You can take the plastic nock out and 
use Acc-360 g-nock insert and will 
work just fine. You can also buy some
standard lightspeed pin-nock adapters
and use the new G-Pin Nocks. Works Great.


----------



## ProtecMan (Apr 14, 2003)

Thanks for the leads, I will look into those. Is their diameter large enough to work on those arrows?


----------



## PSE Kid (Nov 22, 2008)

ProtecMan said:


> Thanks for the leads, I will look into those. Is their diameter large enough to work on those arrows?

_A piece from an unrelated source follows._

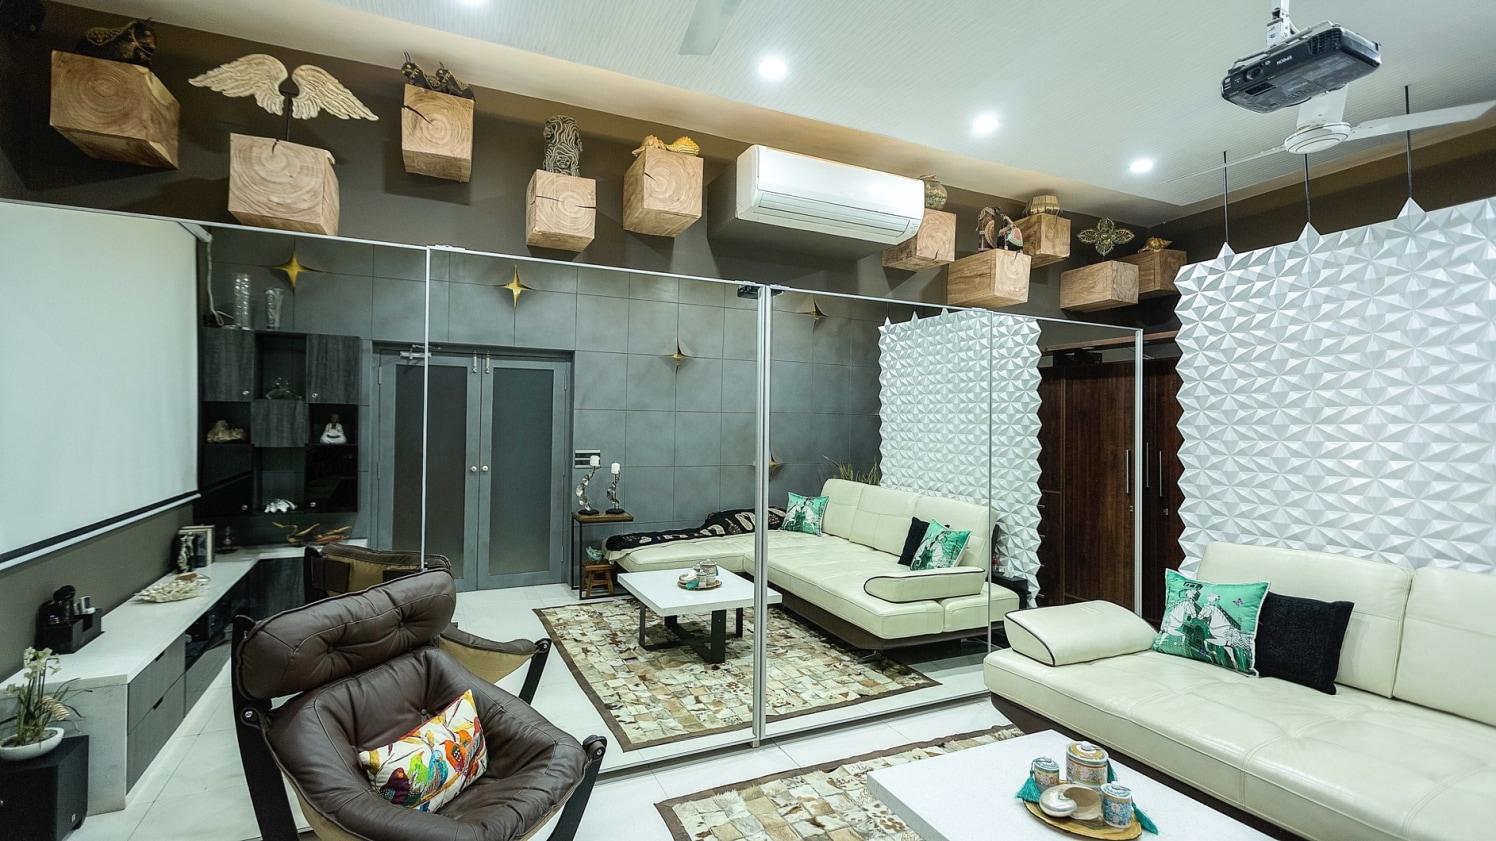 Luxurious Living Room by Swati Jain Modern | Interior Design Photos & Ideas

i dont think so, and also unless massive poundage is used, i think u are fine. pin nocks are more accurate too, and they are not too expensive.


----------



## ProtecMan (Apr 14, 2003)

Poundage is in the 55-58 lb range and DL is 30.25", so nothing unreasonable. So your saying to just rotate out nocks on a regular basis to avoid the natural degradation of the plastic? I'll give it a try, thanks!


----------



## Bertsboy (Jan 30, 2005)

*XXX Gold tips*

I use the standard pin for these and easton G-pin nocks, works for me without any issues.


----------



## ProtecMan (Apr 14, 2003)

Sounds like the new G-pin is worth trying out. Thanks a lot!


----------



## watermedic23 (Aug 23, 2006)

An ACC 3-60 nock on a XXX shaft???

An ACC 3-60 will fit inside the XXX.


----------



## txarcher1 (Aug 5, 2003)

*Insert*

Take the standard nock out. Take a Acc-360 
nock insert, and hot melt or Grip-tip glue it
in place of the standard nock, then, you can use
G-nocks on your XXX Gold tips or X-Killer Victory's
or whatever shaft you choose. 
You can also do the same process using standard 
Pin-nock adapters and then use the G-pin nocks or
standard pin nocks ( large groove ) thats used on ACE's
or X10's. I hope this clears it up for you. epsi::slice:


----------



## Spotshooter2 (Oct 23, 2003)

you can also try the Bohning pin nock on the pins.


----------



## ILOVE3D (Feb 4, 2009)

*Nocks for fat shafts*

Contact "Ram Machining Inc. 7215 South Sixth Street, Klamath Falls, OR 97603" He makes bushings that accept Easton G nocks for various Goldtip sizes. I find the Easton G nocks hold up under the increased weight.


----------



## ProtecMan (Apr 14, 2003)

Thanks for the lead! I will give them a call tomorrow and see if he has had interest in bushings for the TripleX.


----------